Saturday, 26 March 2016

Deborah Levy - Hot Milk


Rating: 3/5

Review:
A bit of a struggle



This is  the first of Deborah Levy's books I have read.  I can see that it is very well written and I can also see that it is exploring important human themes of alienation, identity, the relationship between mother and daughter and so on.  In spite of all that, though, I found it hard going in the end.

The whole book has a dreamlike, almost hallucinatory quality about it.  It is narrated in the first person by Sophie, who has taken her mother to a clinic in Almeria to try to cure her mysterious illnesses.  Sophie is an intelligent, thoughtful observer who has degrees in anthropology, but whose stultifying relationship with her mother (among other things) means that she has never put these skills to full use.  Rather as we did in Tom McCarthy's Satin Island, we have a detached, almost alienated anthropologist as narrator and, like her, we're often unsure of what is really going on. 

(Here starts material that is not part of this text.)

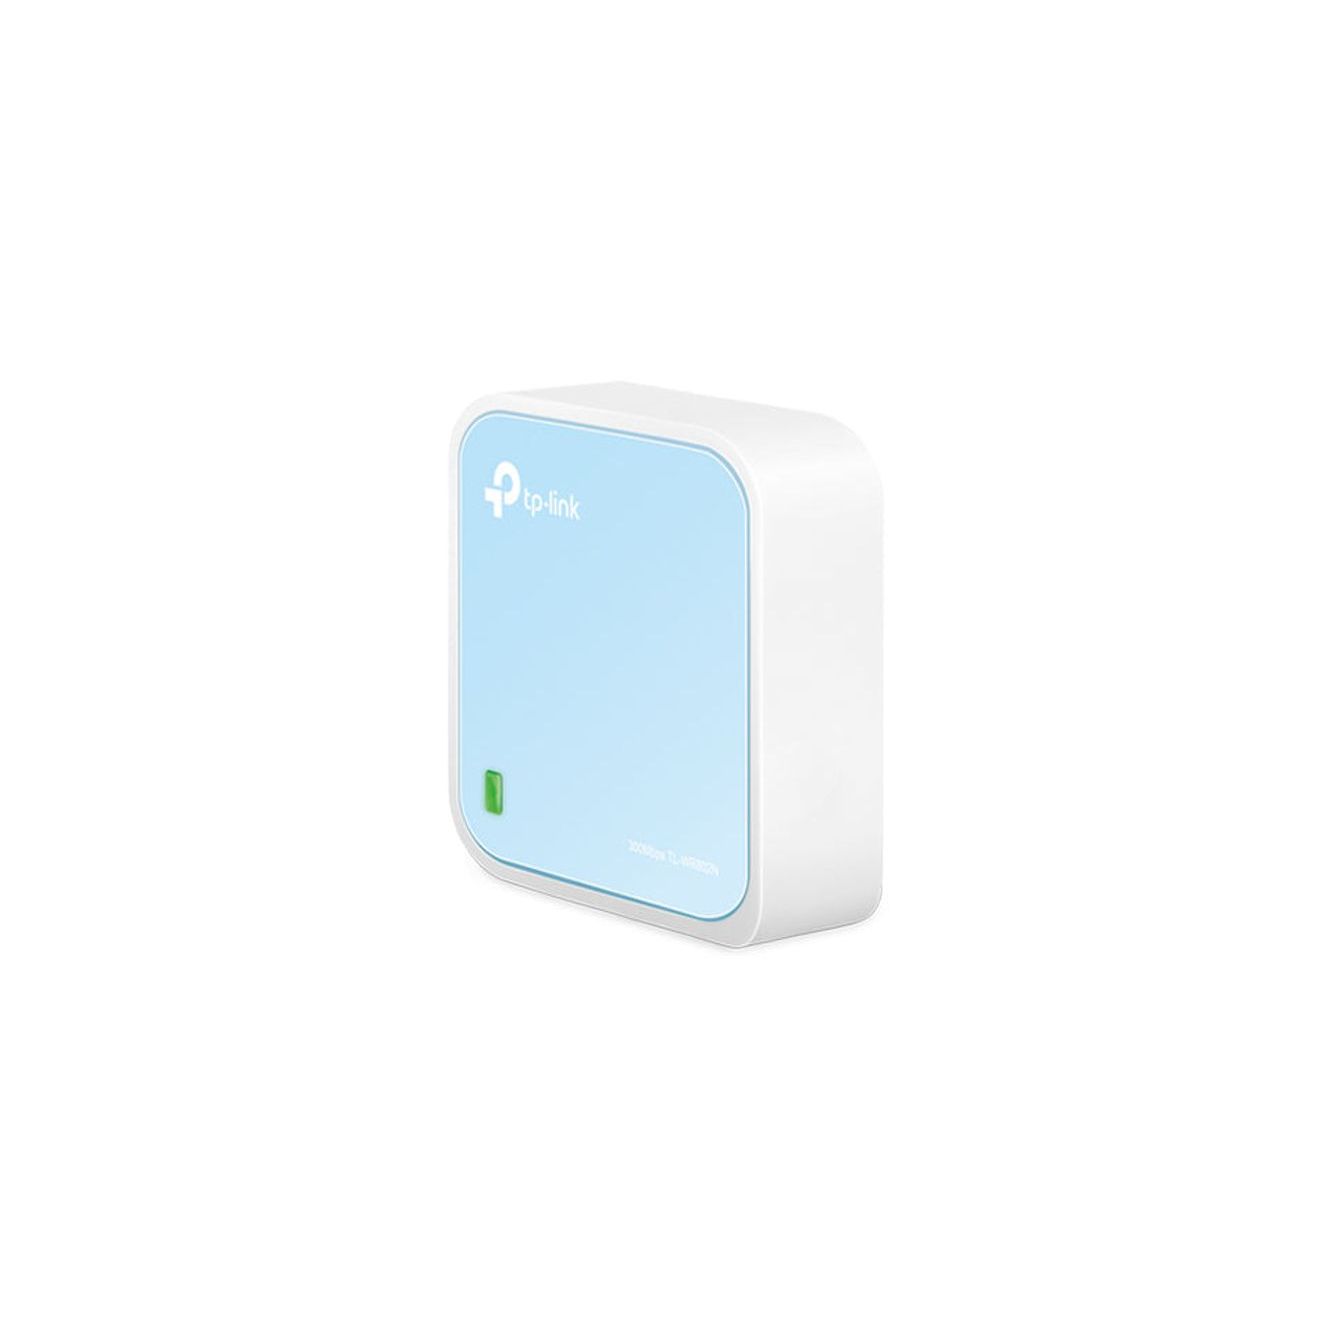 TL-WR802N - TP-LINK 300Mbps Wireless N Nano Router
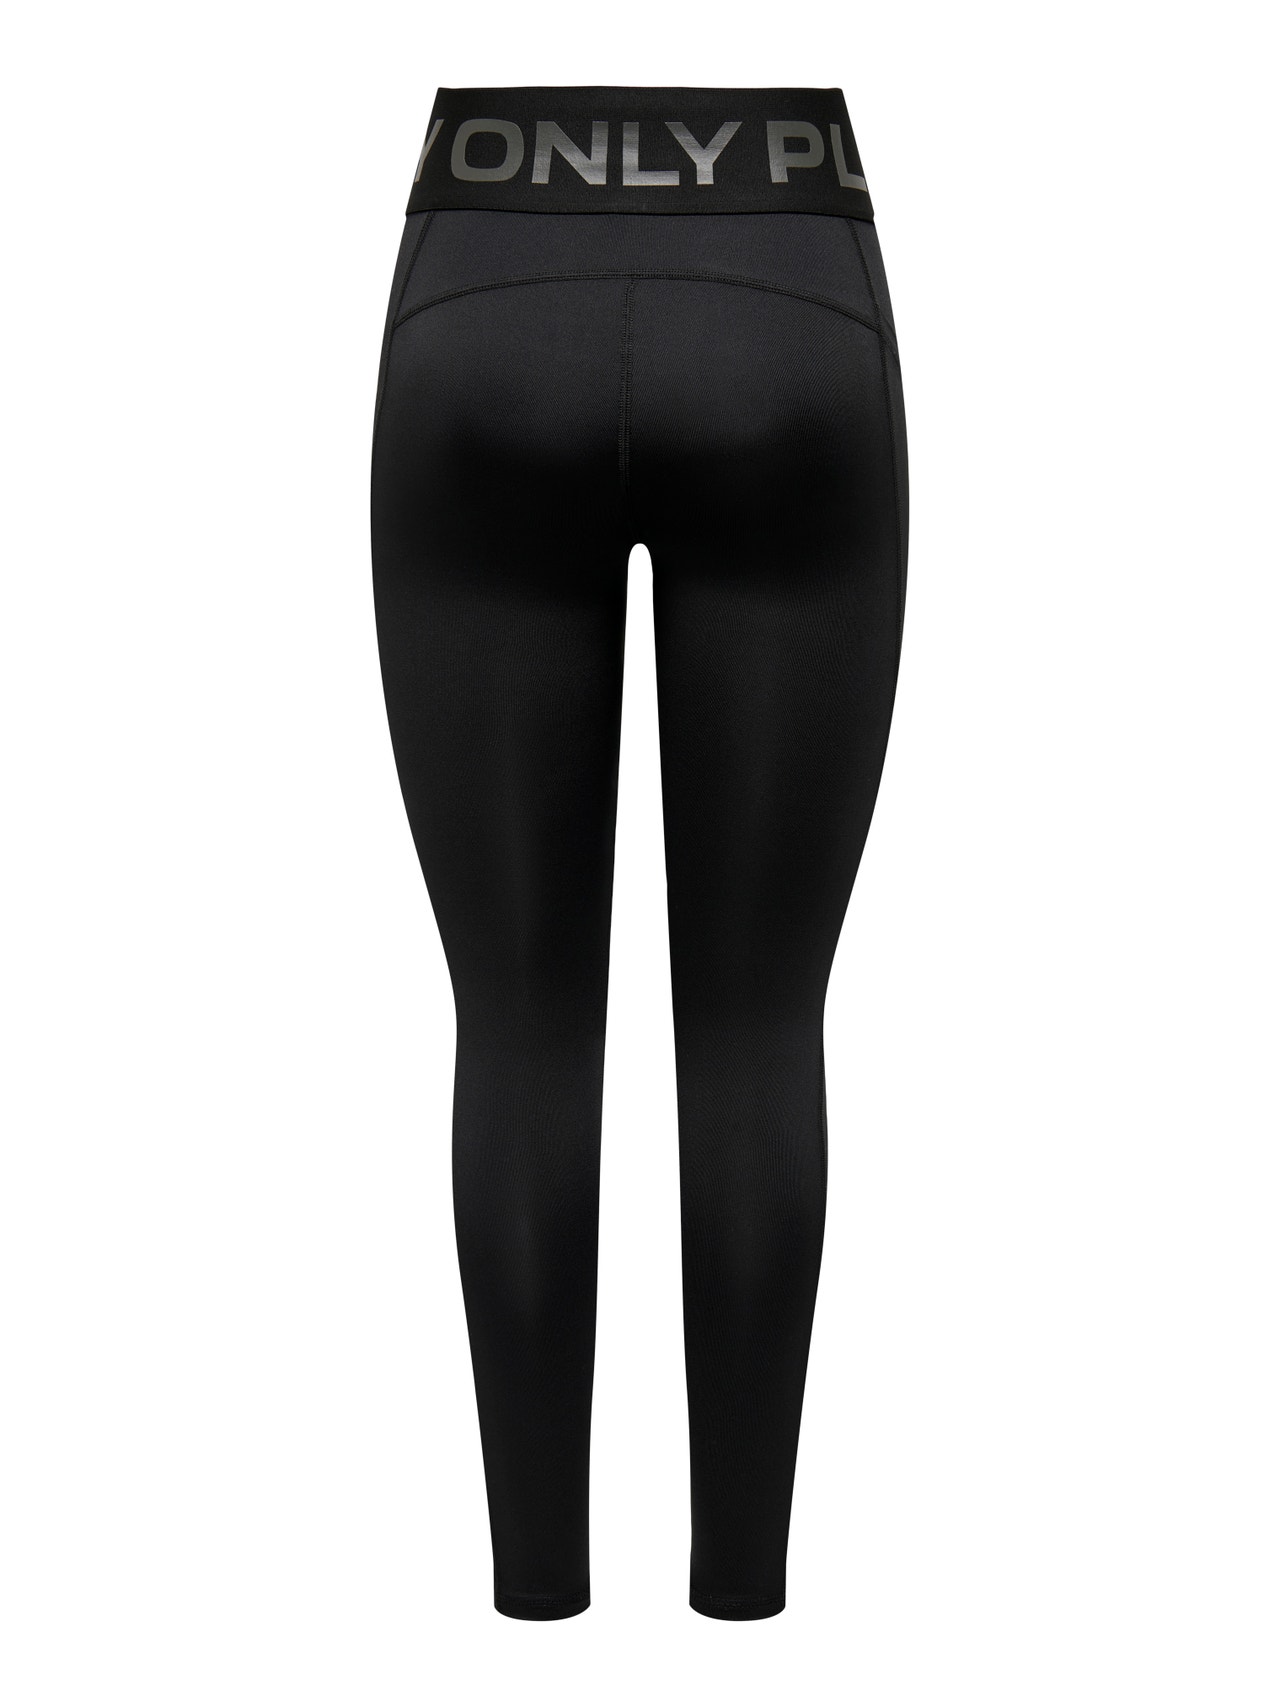 ONLY High waist training tights -Black - 15295194

It was well enough done to keep me rather gripped by the atmosphere for about half its length, but I'm afraid after that I really began to get a bit fed up.  It's better than Satin Island (which I thoroughly disliked), but does suffer from some similar problems for me.  I don't insist on likeable characters or a strong plot and I'm happy to wrestle with a difficult narrative and to be left guessing at things.  However, at some point, I do need a little something to hold onto, and being left grasping at symbols, elusive ideas and atmosphere almost throughout, I really felt pretty lost.  It certainly has a powerfully haunting, stifling feel about it, and Sophie (and her mother) are convincing and memorable characters, but as a novel…hmm.

I suspect that quite a few people will like this more than I do, and I wouldn't be surprised to see this on the shortlists of some major awards this year (particularly after Satin Island made the 2015 Booker shortlist) because it is so well written.  It does have undoubted merits, but I can't honestly recommend it as a rewarding book.